Take the text detection task as an example, `TextDetDataConverter` mainly completes the following work:
- Collect and match the images and original annotation files, such as the image `img_1.jpg` and the annotation `gt_img_1.txt`
- Load and parse the original annotations to obtain necessary information such as the bounding box and text
- Convert the parsed data to the format supported by MMOCR
- Dump the converted data to the specified path and format
The above steps can be configured separately through `gatherer`, `parser`, `dumper`.

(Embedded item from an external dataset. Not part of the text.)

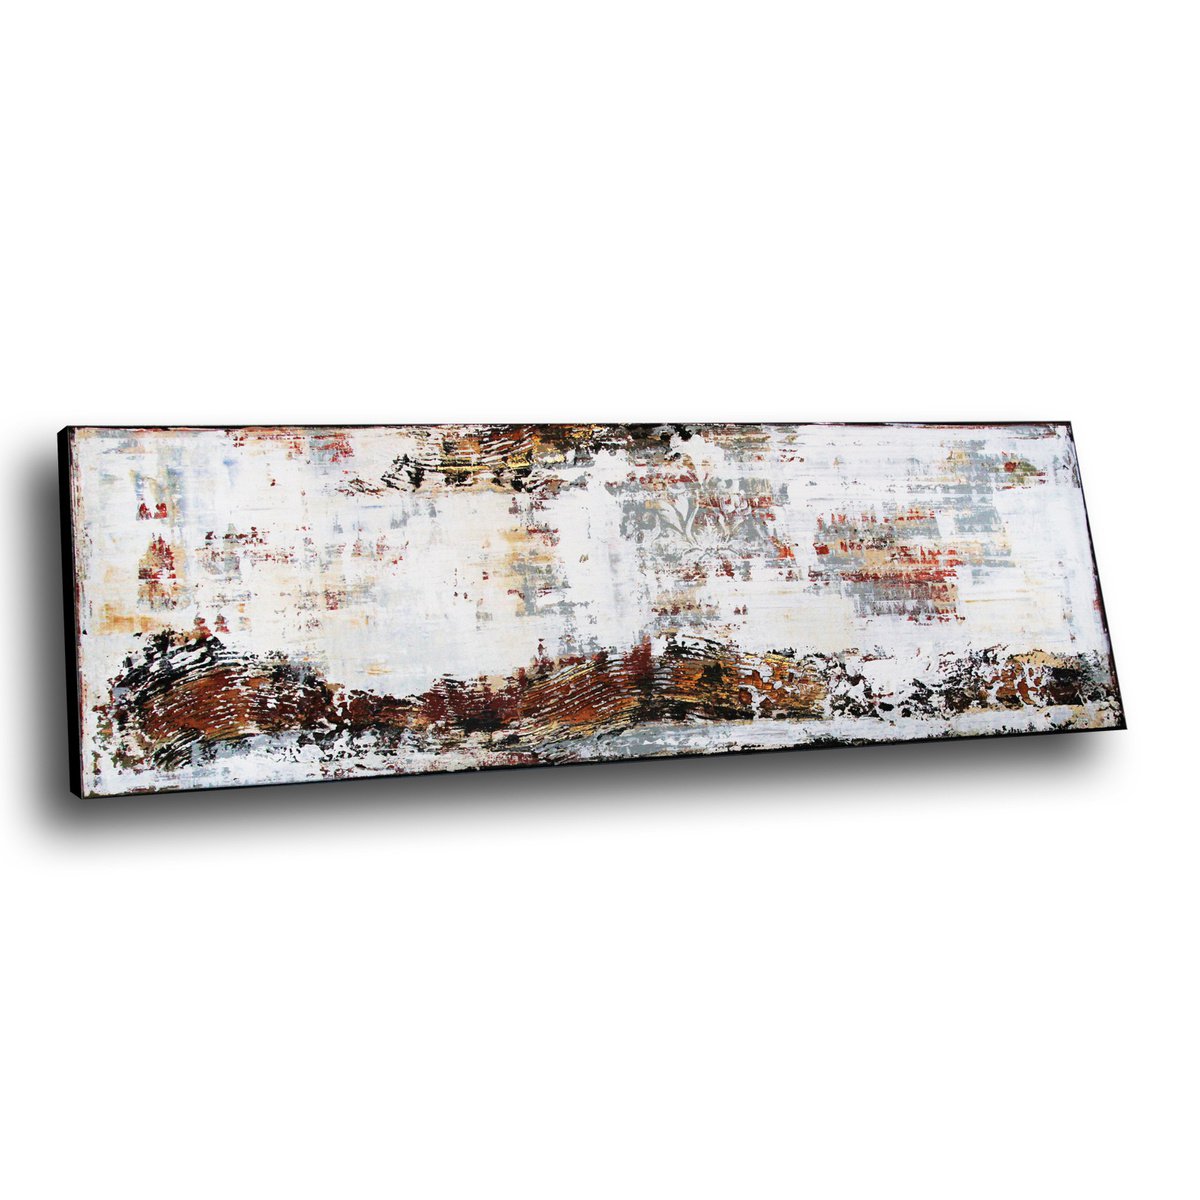 EXCITING JOURNEY - 59 x 19.7 - ABSTRACT PAINTING WITH STRUCTURES - WHITE BEIGE GOLD by Inez Froehlich

Specifically, the `gatherer` is used to collect and match the images and annotations in the original dataset. Typically, there are two relations between images and annotations, one is many-to-many, the other is many-to-one.
```text
many-to-many
├── img_1.jpg
├── gt_img_1.txt
├── img_2.jpg
├── gt_img_2.txt
├── img_3.JPG
├── gt_img_3.txt
one-to-many
├── img_1.jpg
├── img_2.jpg
├── img_3.JPG
├── gt.txt
```
Therefore, we provide two built-in gatherers, `pair_gather` and `mono_gather`, to handle the two cases. `pair_gather` is used for the case of many-to-many, and `mono_gather` is used for the case of one-to-many. `pair_gather` needs to specify the `suffixes` parameter to indicate the suffix of the image, such as `suffixes=[.jpg,.JPG]` in the above example. In addition, we need to specify the corresponding relationship between the image and the annotation file through the regular expression, such as `rule=[r'img_(\d+)\.([jJ][pP][gG])',r'gt_img_\1.txt']` in the above example. Where `\d+` is used to match the serial number of the image, `([jJ][pP][gG])` is used to match the suffix of the image, and `\_1` matches the serial number of the image and the serial number of the annotation file.
When the image and annotation file are matched, the original annotations will be parsed. Since the annotation format is usually varied from dataset to dataset, the parsers are usually dataset related. Then, the parser will pack the required data into the MMOCR format.
Finally, we can specify the dumpers to decide the data format. Currently, we support `JsonDumper`, `WildreceiptOpensetDumper`, and `TextRecogLMDBDumper`. They are used to save the data in the standard MMOCR Json format, Wildreceipt format, and the LMDB format commonly used in academia in the field of text recognition, respectively.